These days it seems like everyone and their mom is coming up with ways to improve our crappy commutes. Hyperloop! Monorail! Golden Dolphins! It makes sense though, some commutes are just really, incredibly bad.
You may think "aw man, my commute is the worst. I gotta drive half an hour, to this job I hate, and sometimes there's traffic, and all I have in here is my comfy seat and my banging' tunes on my iPod."
You, sir and/or madam, are the worst. You have no idea how bad it can get. How not only soul-crushing a commute may be, but how physically crushing it as well. You may complain about your $200 monthly car payment, but that's nothing on one city charging you $225 for the privilege of being packed like a sardine onto their metro system every workday for four weeks. And that half hour traffic jam? That's nothing on some stationary calamities that stretch for over 100 miles.
These are the worst urban commutes in the world.
1) Beijing
For as much as China makes noise about its grand maglev trains that zip about, it still suffers from outdated and over-utilized urban infrastructure like the rest of us. The horrifying dystopian nightmare in the video above was shot during the morning commute along Beijing's Line 13, and it shows the effects of what happens when millions of people all move to the cities at once in a fell swoop of industrialization.
2) India
In the only other country in the world besides China with more than a billion people, they've just given up on trying to pack as many people in the trains as possible, and pack them on the trains. India not only suffers from an aging infrastructure as well, but it features some of the largest religious pilgrimages in the world, leading to extremely active periods along lines that are barely equipped to handle the masses.

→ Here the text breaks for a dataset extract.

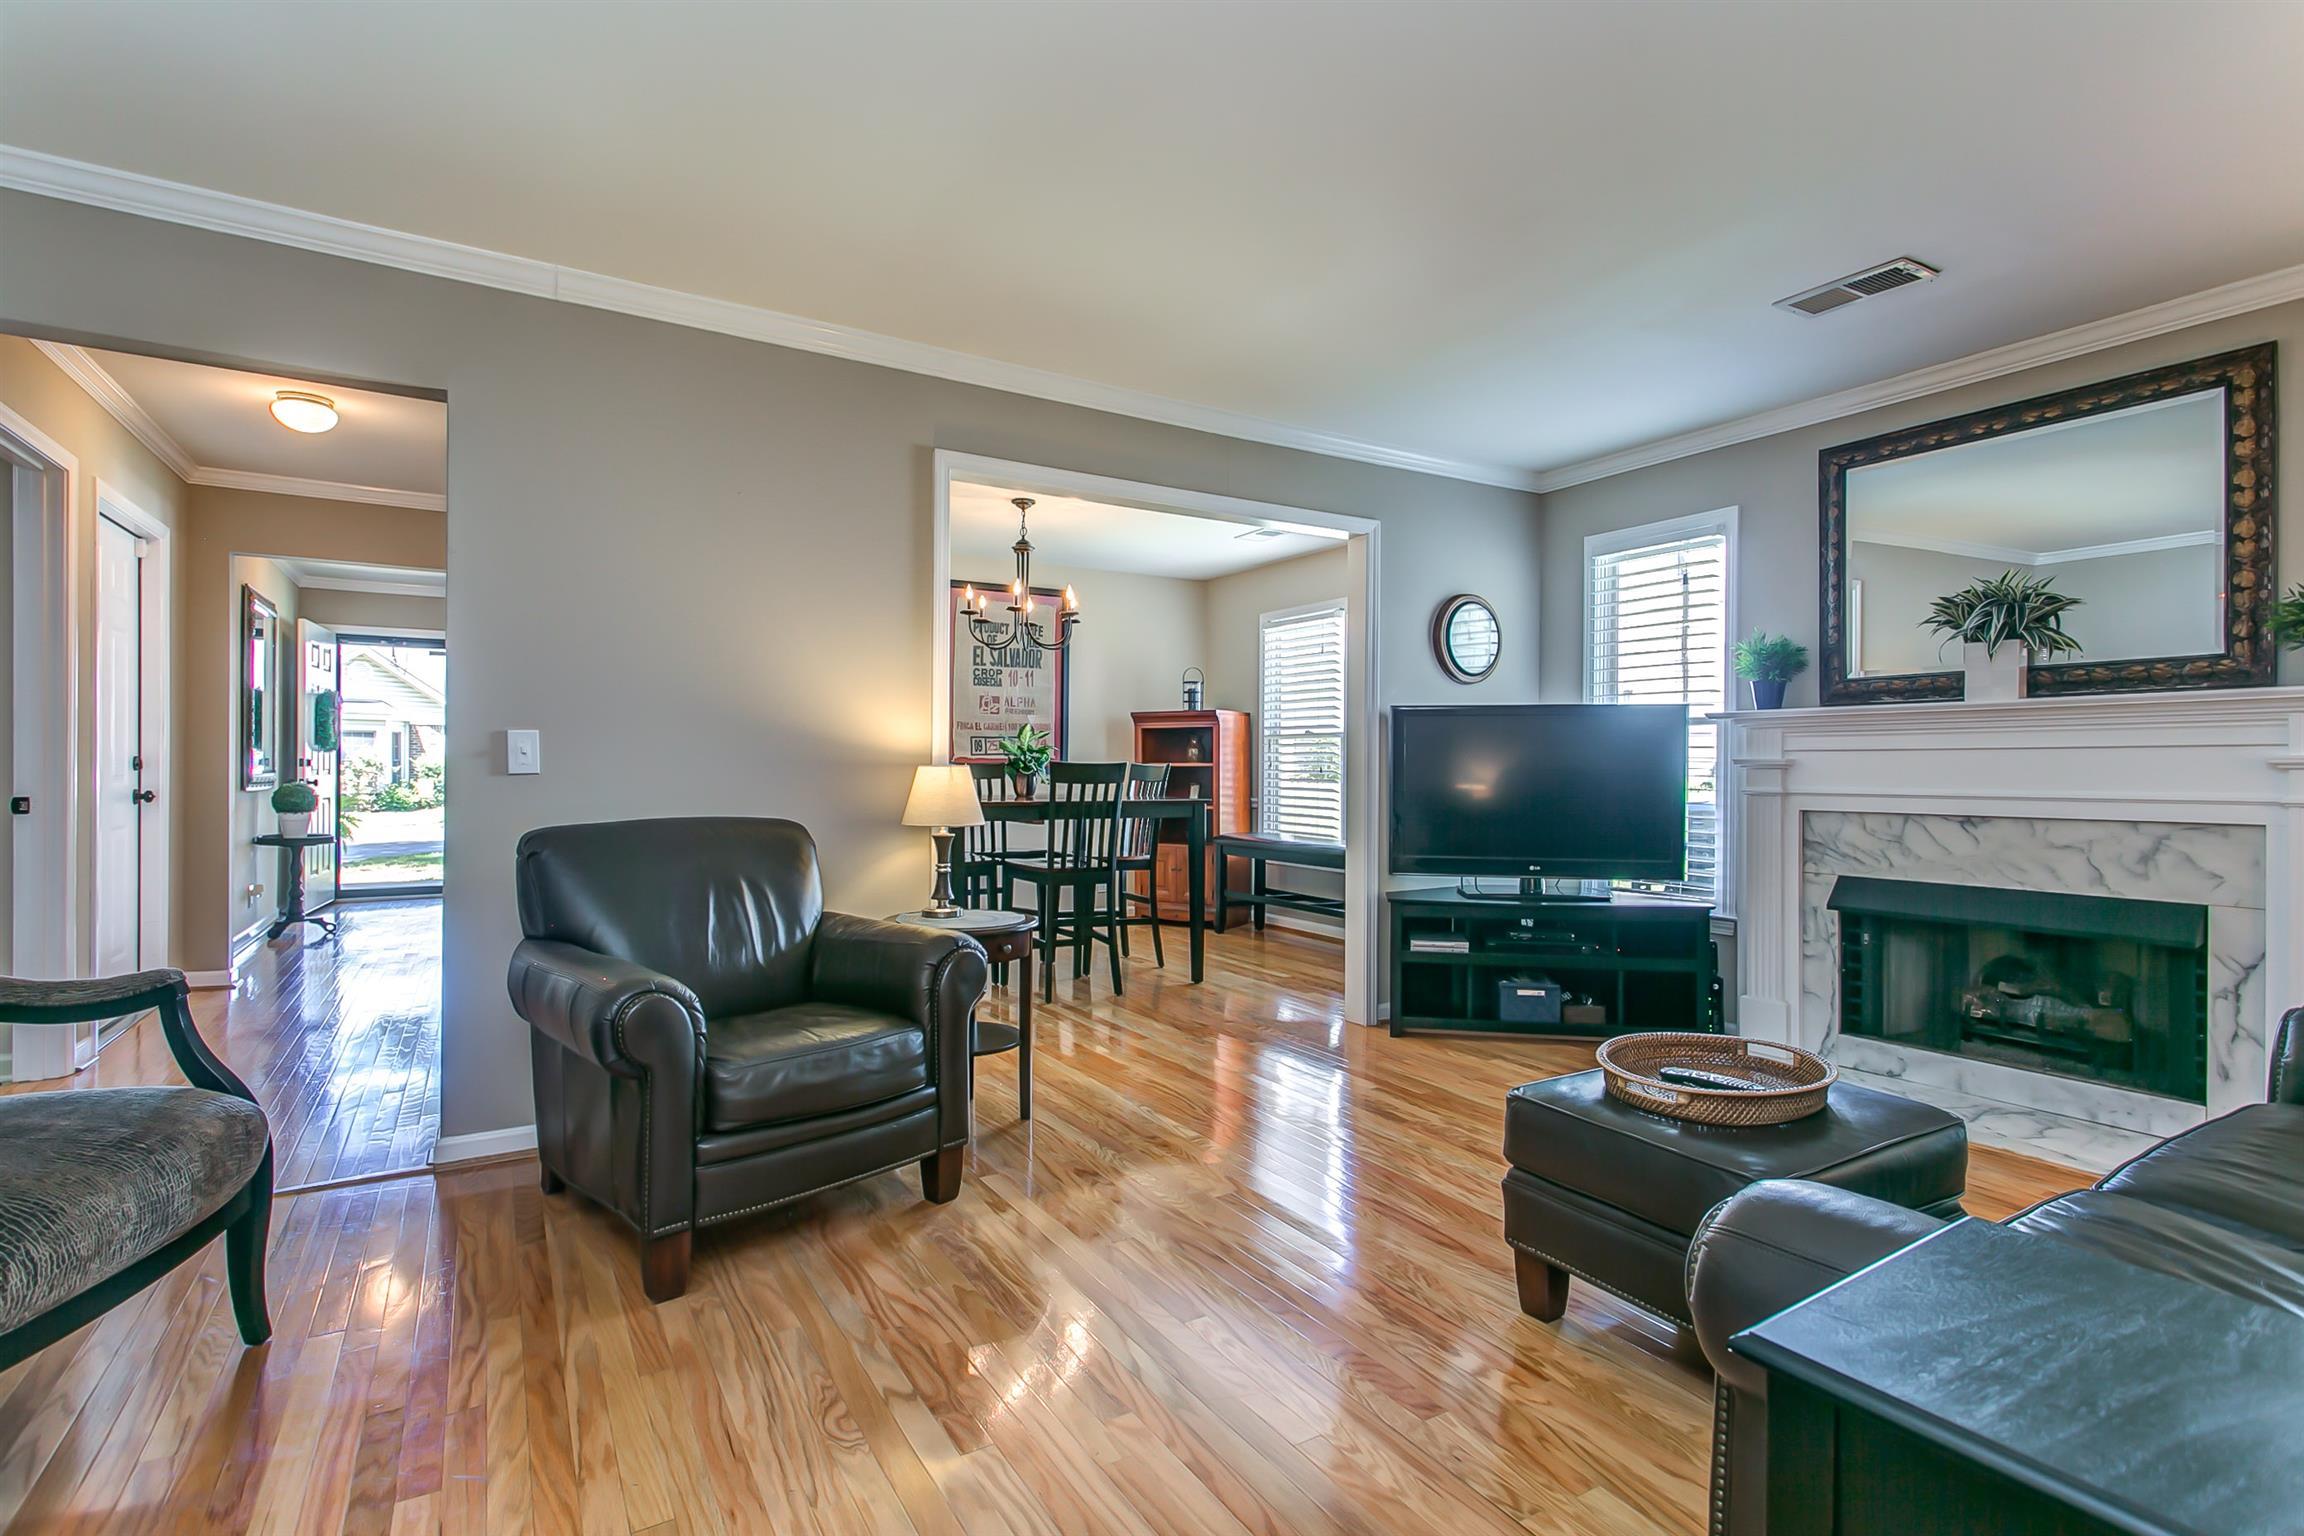 244 Myhr Green, Nashville, TN 37221 - Nashville, TN real estate listing

Riding on top of a train looks like fun to the child-like part of my brain (to be fair, that's a lot of my brain), but the adult part is freaking out over how many people get injured and how awful it must be when it rains. And you thought it was bad when you forgot your umbrella.
3) Sao Paulo, Brazil
Despite New York holding the title of the city with the longest commute in America (48 minutes), traffic jams in Sao Paulo have stretched for over 180 miles:
For starters, they have a special radio station dedicated entirely to reporting the city's traffic conditions. Fabiana Crespo told the BBC that she has to drive from one end of the city to the other to get to work. She spends nearly four hours per day in her car.P
Riots on the streets of Brazil have often focused on basic public services. President Dilma Rousseff recently announced $4 billion for subways and buses in Sao Paulo, but it looks like it's a lot of too little, too late.
4) Tokyo
Tokyo, a megalopolis with a metropolitan area population of more than 35,000,000 people, seems to have entirely given up on its overcrowding-on-the-train issue. Instead of letting people ride on top, though, Japan likes to be a bit more orderly and instead has strong men in white gloves just shove you in instead.
Oh, and not to mention the rampant groping.
5) Anywhere in Russia
With the advent of Russian dash cams, it's become possible for people who don't live there to see just how terrifying the country's roads truly are. Exploding trucks, busy cows, and falling trees all seem to be regular obstacles to overcome in the average Russian's daily commute.
Okay, so I'm exaggerating a bit, but still. Russian commutes are scary.
6) London
What's so wrong with London, you ask? Well sure, it's got those posh British accents and trains that seem to arrive on time and they're quiet and they go everywhere, but you pay out the nose for it. London is the most expensive commuter city in the world, with a Zone 1-4 peak single journey ticket retailing for three pounds sixty. Do the math on that and convert it into American money, and you're looking at a commuting cost of $2,927 every year. Yep, almost three grand to listen to the crappy music coming out of the crappy earbuds of the guy next to you. You're welcome.